According to the newspaper, she claimed she hadn’t seen her brother in years and contradicted one detail offered by police: they indicated the shooter was roughly five feet five inches tall, but she claimed James was over six feet tall.

On Wednesday, police intensively patrolled the 36th Street station in Brooklyn, where the train arrived as the attack was being carried out, as commuters awaited their trains.

“I was so hesitant today that I attempted to hail a cab for about 20 minutes. I couldn’t find any, and Uber was around $60, so I figured, ‘It’s cool, I’ll take a chance on the subway today.'” Zeina Awedikian, a 38-year-old commuter, told AFP.

Others, on the other hand, were more stubborn. “Nobody will be able to drag me away from the metro. The subway is ingrained in my DNA “Dennis Sughrue, 56, expressed his dissatisfaction with the situation.

According to authorities, the gunman put on a gas mask as the train approached the station, then opened the smoke canisters and began fire.
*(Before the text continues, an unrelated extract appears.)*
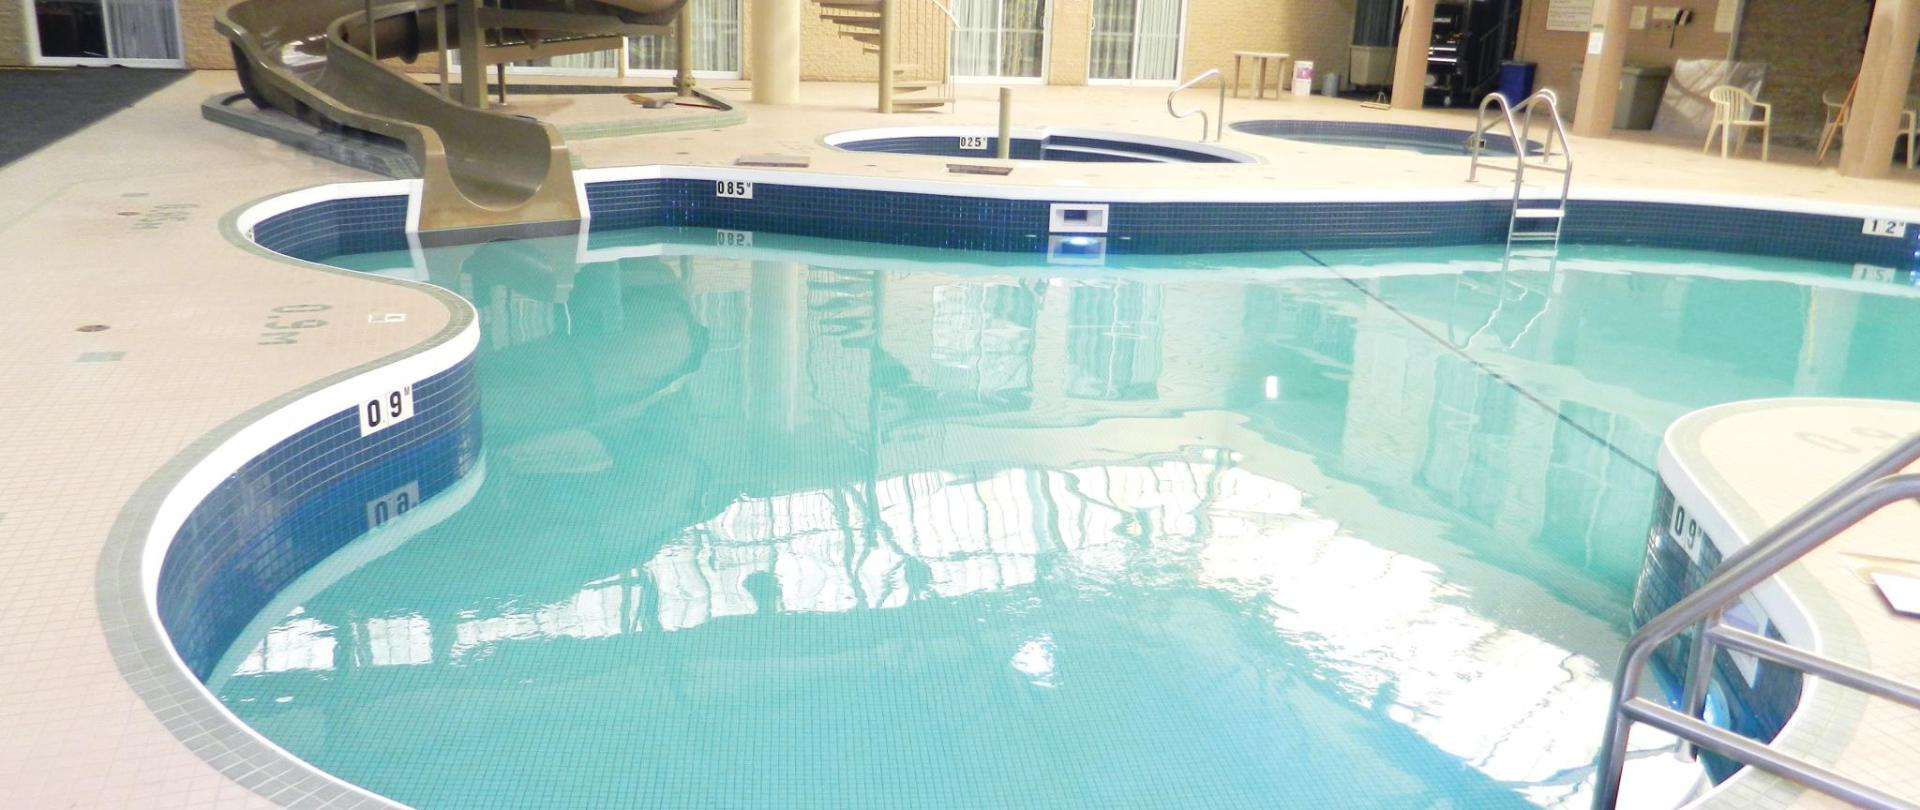 Renovated Pool 2018.jpg

“All you see is like a smoke, black smoke bomb going off, and then… everybody were rushing to the back,” Hourari Benkada, one of the gunshot victims, told CNN, alluding to a charge by passengers towards the car’s end door.

Benkada, speaking from his hospital bed, claimed he boarded the first train at 59th Street and sat close to the gunman, but that he didn’t notice anything until the car began to fill with smoke since he had his headphones on.

He said that at first he didn’t realise there were gunfire and that he was trying to console a pregnant woman next to him.

“I was pushed and got shot in the back of my knee,” he explained.

Benkada said that the firing lasted around a minute and that he heard around ten bullets.

He stated the bullet went through his knee and left a hole “the size of a quarter.” “I’ve lost a lot of blood.”

A Glock 17 nine-millimeter handgun, three more ammunition magazines, and a hatchet were later discovered at the scene by police. James’ credit card and the keys to a van he had rented were also discovered, according to US media reports.

The number of shootings in New York has increased this year, and Adams has made the increase in violent gun crime a priority since taking office in January. According to police records, gunshot occurrences increased to 296 from 260 in the same period last year.

Attempts to reduce the amount of guns in circulation in the United States have been continually thwarted by lax gun laws and a constitutionally guaranteed right to bear arms, despite the fact that a majority of Americans support tighter controls.